TASK TO CARRY OUT -
Copy the data below exactly, omitting any picture it contains.

RECORDED DATA -

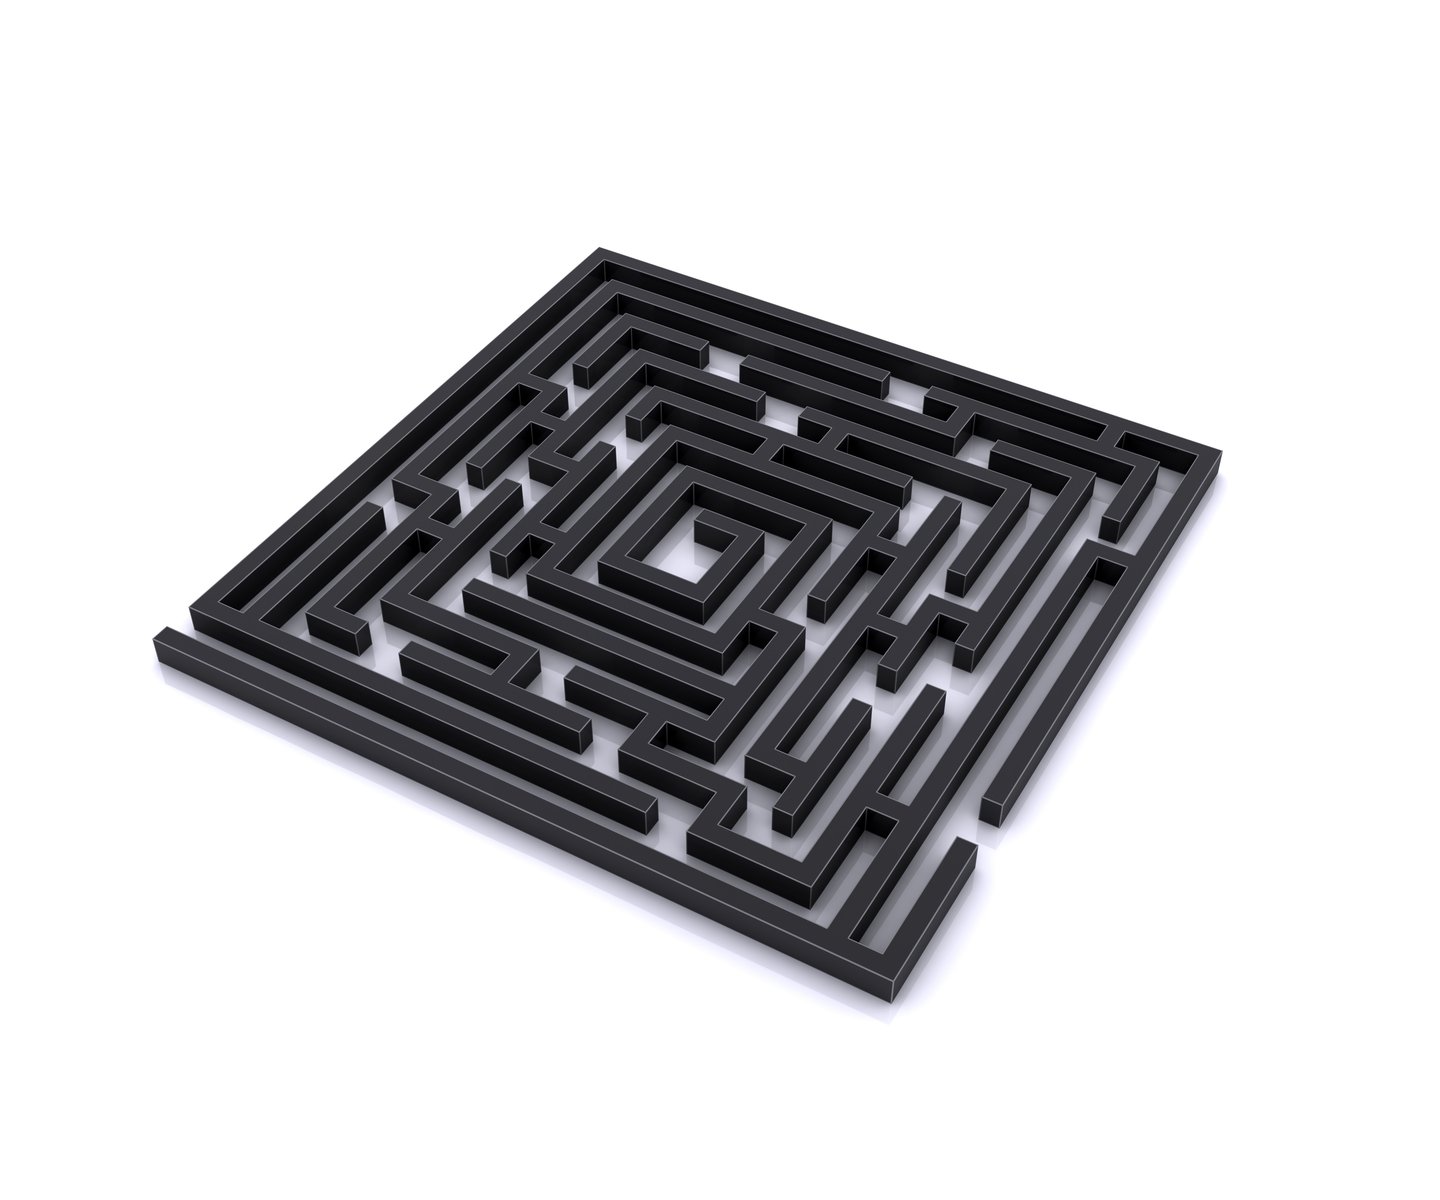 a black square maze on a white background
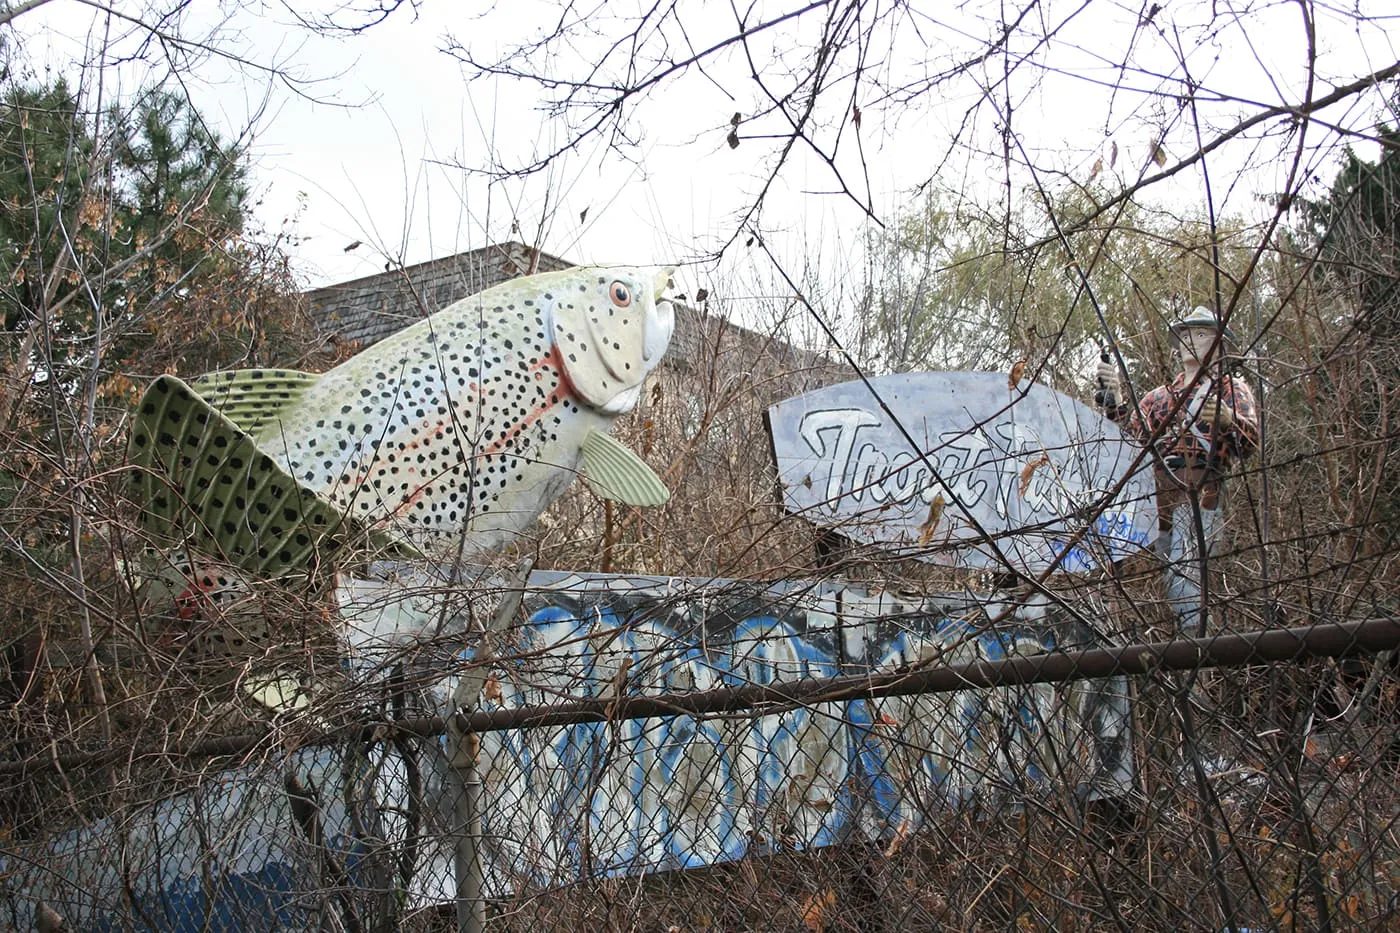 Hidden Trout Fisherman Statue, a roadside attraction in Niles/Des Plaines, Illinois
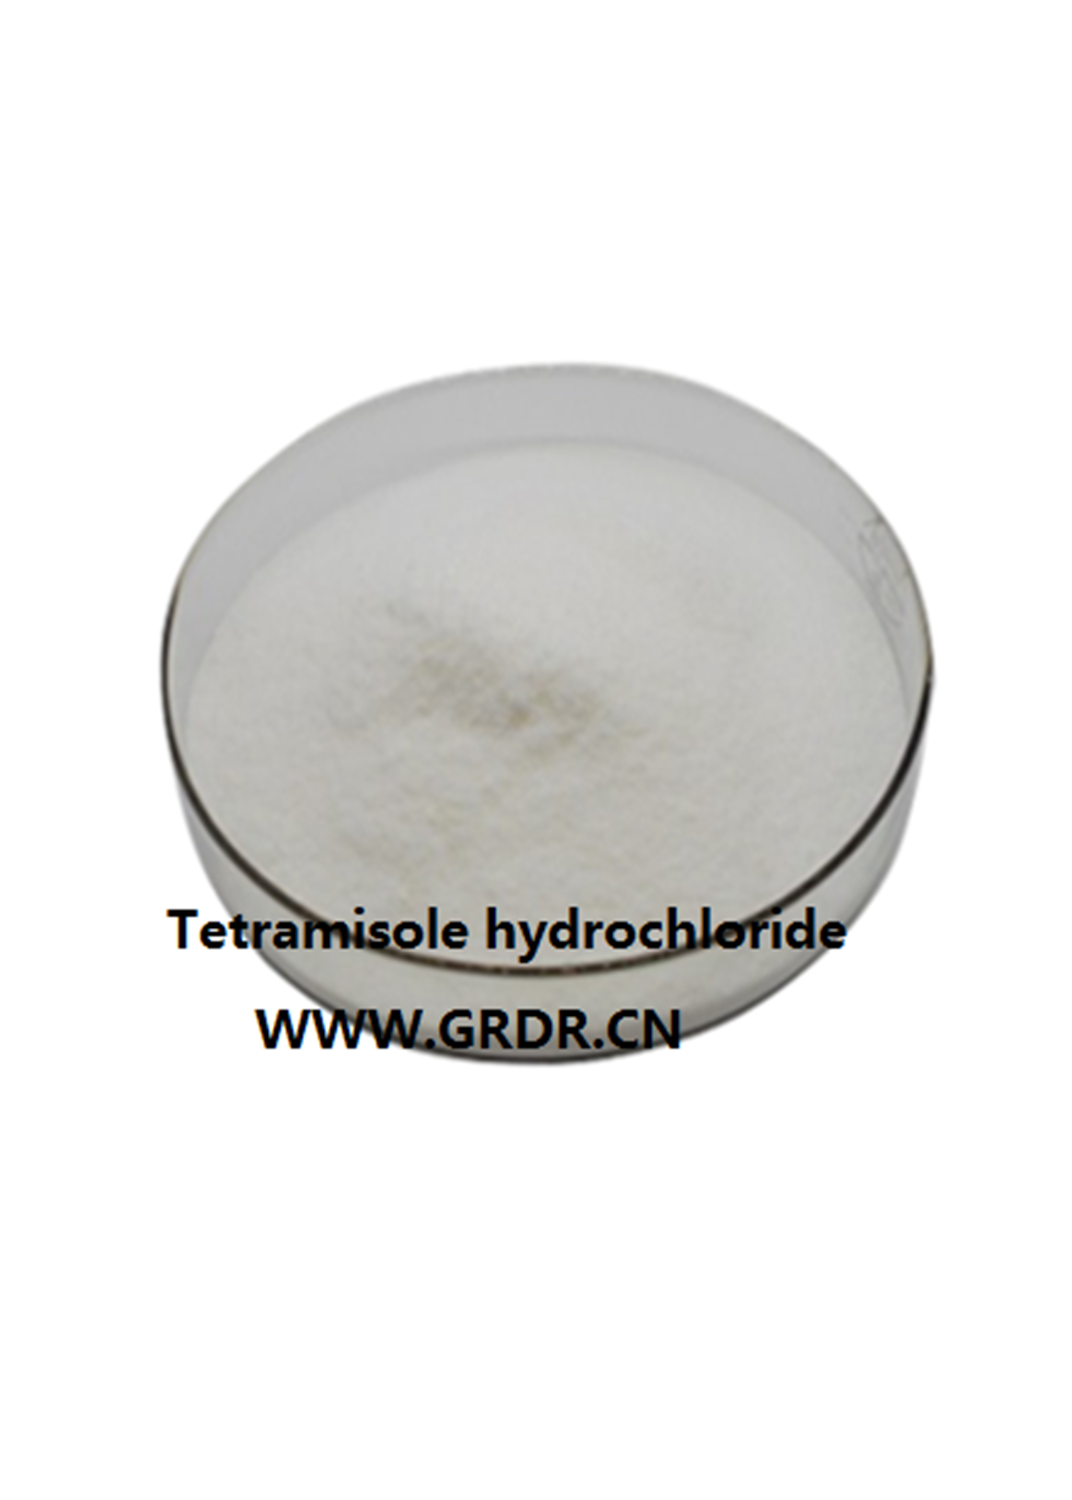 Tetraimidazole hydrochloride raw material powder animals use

ANSWER BOX -
 a black square maze on a white background
 Hidden Trout Fisherman Statue, a roadside attraction in Niles/Des Plaines, Illinois
 Tetraimidazole hydrochloride raw material powder animals use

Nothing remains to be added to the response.